In order to understand the basics of how X-ray crystallography works, we can make an analogy with the way a snapshot works: Light from the Sun or a lamp shines on the object we want to take a picture from. In this case, the reflected light on the surface of the object gets trhough the lenses of the camera and activates the photographic film. We have to remember that the while the shining light is polychromatic (many colors), the wavelenght (color) of the reflected light will depend on the surface reflecting it: Red stuff will reflect red-er light, blue stuff will reflect blue-er light, etc. Now, the reflected light also has an energy associated with it, which is what is responsible for activating the photographic film.
Now, with this in mind, we could in principle take pictures of smaller and smaller objects. The problem is that we reach a point in which the sizes of the objects we are trying to photograph using normal light, or light with wavelenghts in the visible spectrum range, will be smaller than the wavelenght of the light (around 400 to 700 nm) we are shining on them. Therefore, they will appear to be invisible, because our light beam cannot hit them and we cannot get any light reflected from them.
The solution is to use light sources with smaller and smaller wavelenghts. If we want to 'see' atoms (or more accurately, the electron clouds buzzing around them), we have to use very short wavelenghts. The lenght will have to be comparable to the object we want to see, wich in the case of atoms or bonds is around 0.7 to 1.5 Å (0.07 to 0.15 nm). These wavelenghts correspond to X-rays.
Now, the problem is that we cannot simply put a camera in front of the molecule and see the reflected light comming from it. What we do is we put the film on the other side of the molecule, and we see how the X-ray beam passes through it.

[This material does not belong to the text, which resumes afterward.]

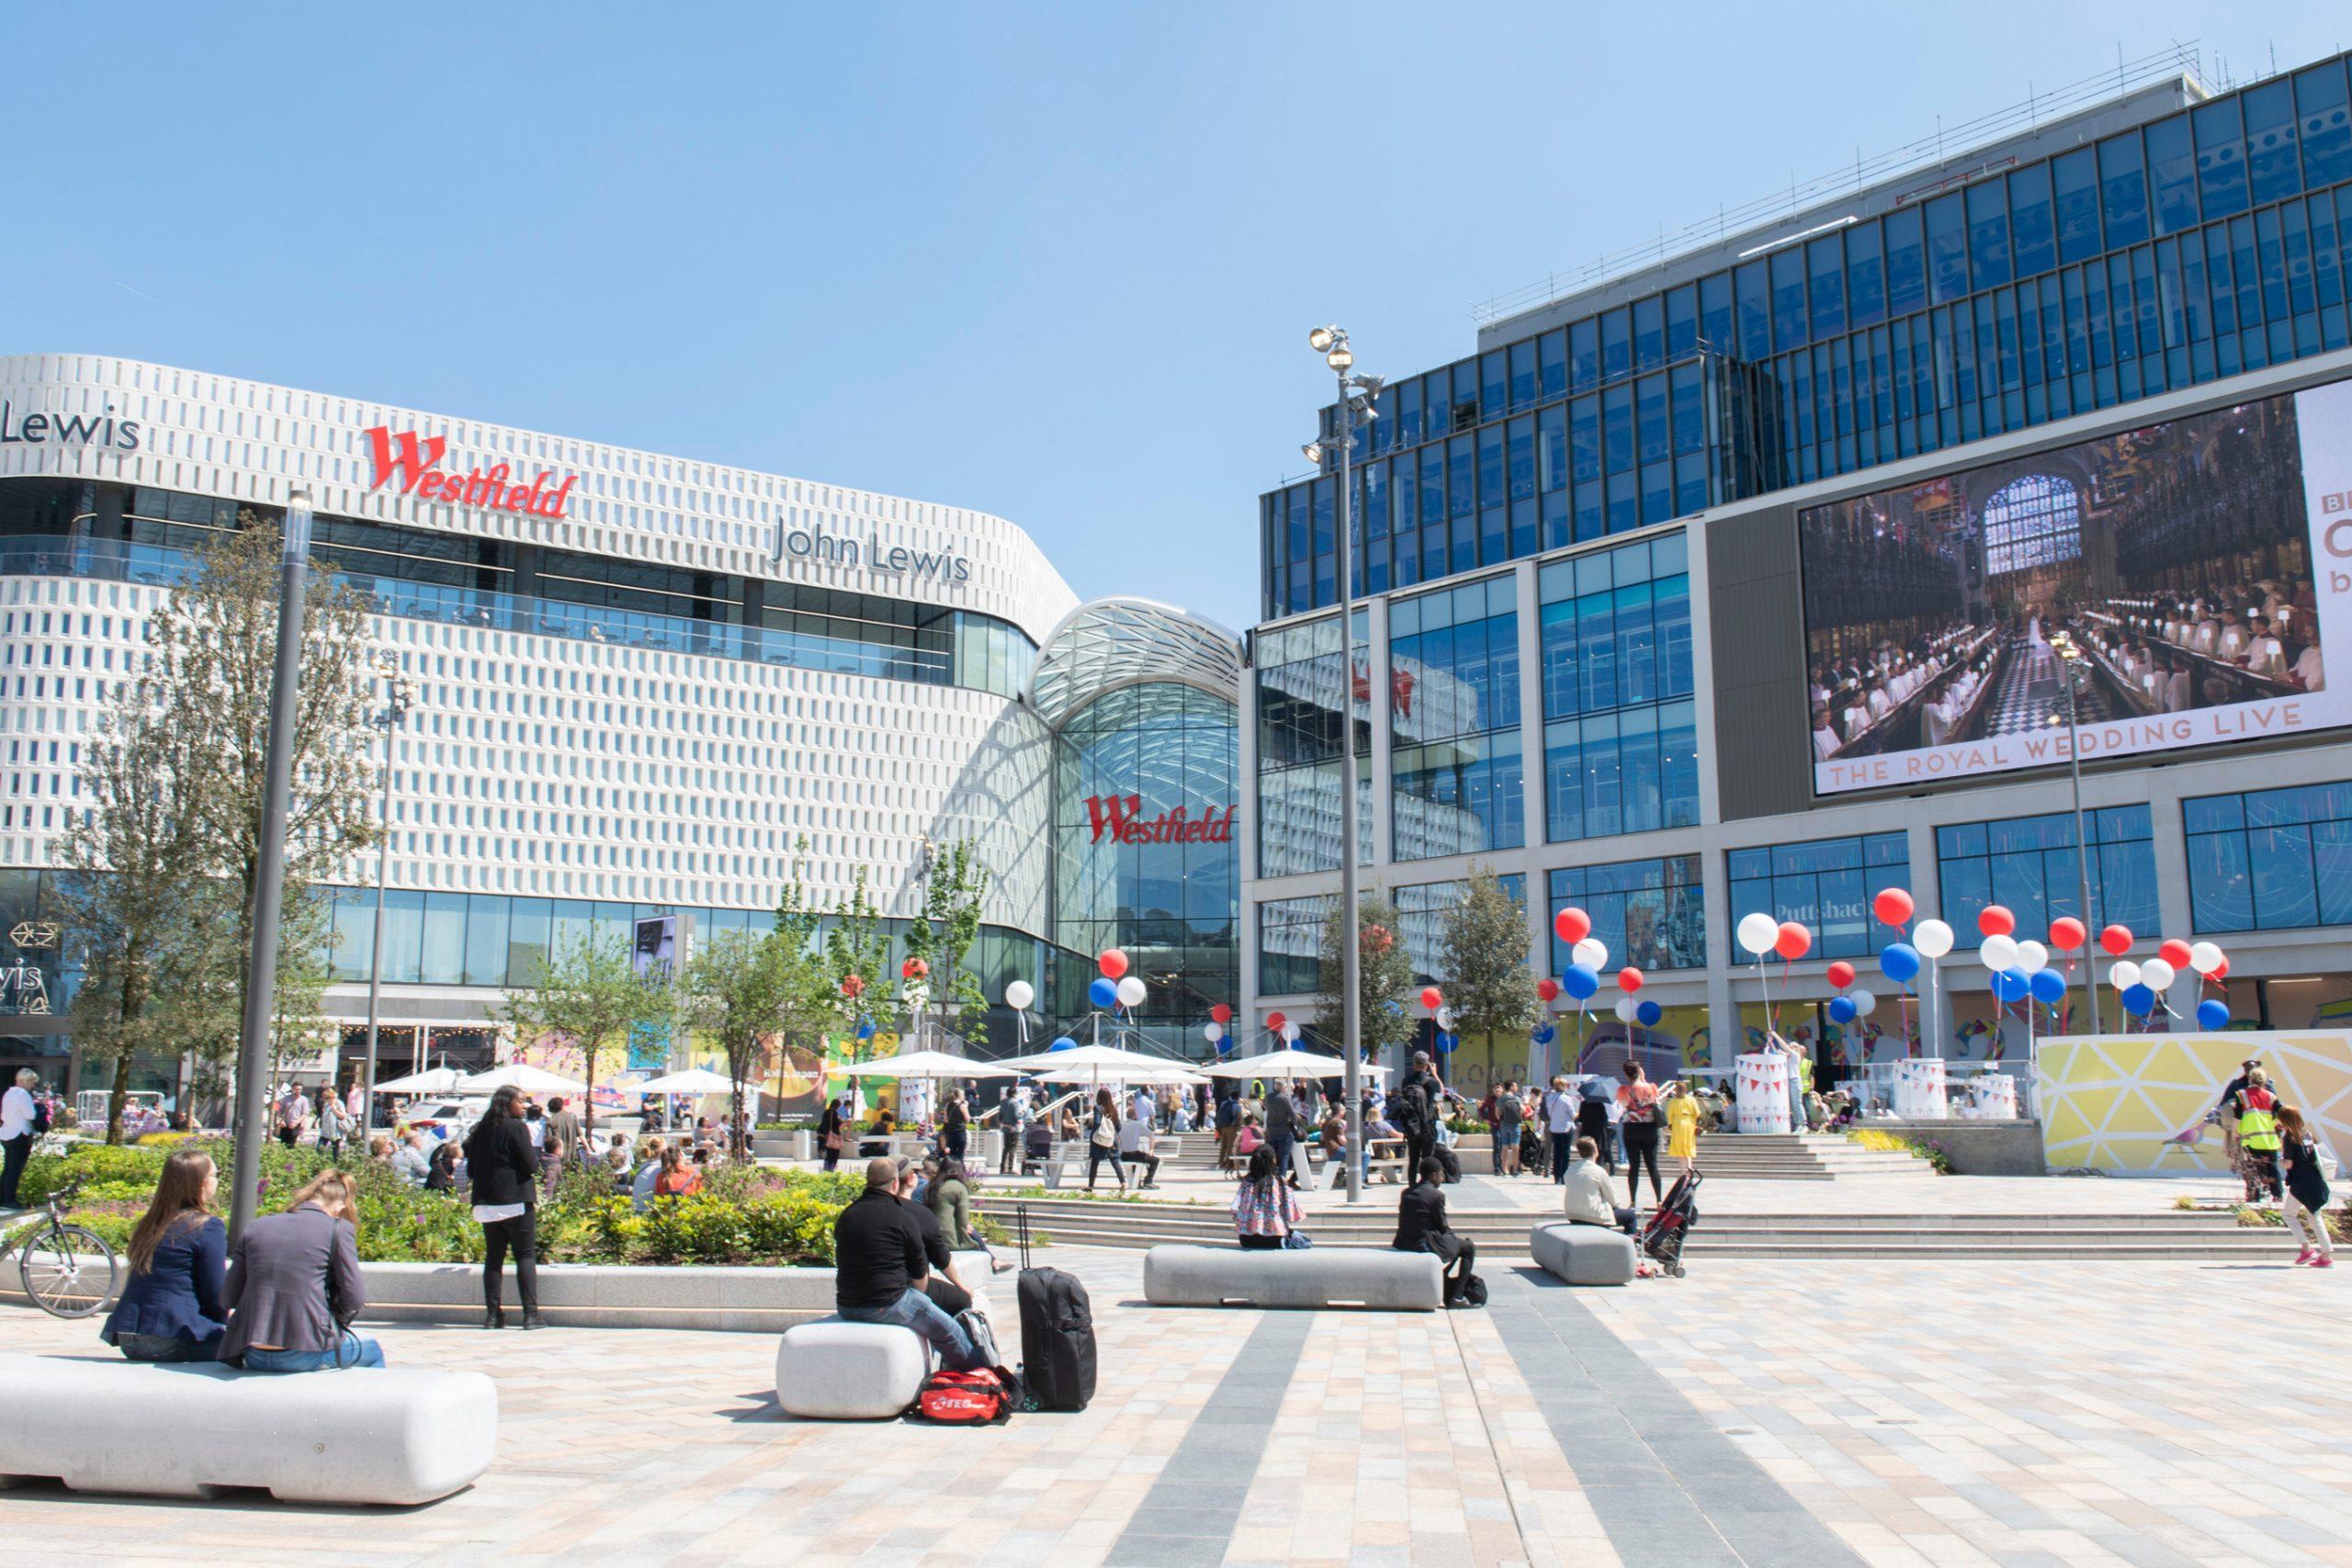 购物中心巨头  Unibail-Rodamco-Westfield 2020财年租金收益下跌28.1%,将继续抛售美国大部分房产

We record the refraction of the X-rays by the molecule, or put in other words, we record how the molecule affects the angle and intensity of our shining X-ray beam. The passing X-ray beams will make a pattern on the film which depends on how the different atoms in the molecule affected its path angle and intensities. By analyzing the pattern we can reconstruct the structure of our molecule.
It is sort of a forensic science in a way: A forensic investigator can tell the trajectory of a bullet through room (and whoever was in its path) by analyzing the angle at which the bullet hits a wall. He can also determine how fast the bullet was traveling by analyzing how deep it got stuck into the wall. By looking at how mangled the bullet gets, he can also tell about the strenght of the matter it passed through. With all this data, he can tell from where the bullet was fired, the possible composition of the objects it went through, and even if the objects were moving or not. He can also say if the bullet hit a bone on a victim. If we get even darker in our analogy, he can analyze blood splater patterns and asses if the victim was falling, standing, kneeling, etc., etc.
In X-ray crystallography we do something similar. We look at the angles in which the X-ray beam was diffracted, how much intensity the lost, etc., etc., and from this we can make a picture of the electron coluds it must have bumped against while passing through the molecule.

The problem in this explanation is that we used one molecule. As you all know, we cannot hold a molecule in a stick and shine it with X-ray beams. We have to use a sizeable ammount of sample. Now comes a problem: If our sample is amorphous, like the powder in an aspirin tablet, each molecule in it will have a completely random orientation, and each will be at different angles with respect to the shining X-ray beam. This makes the diffraction pattern to be almost completely useles for the purpose of determining our structure, because the picture we get on the photographic film has no information on how the molecules were arranged with respect to one another: An atom in a particular molecule in our sample could have been pointing up, giving a certain diffraction pattern, while the same atom in another molecule of the sample can be pointing sideways, or down, giving a completely different pattern in the diffraction map.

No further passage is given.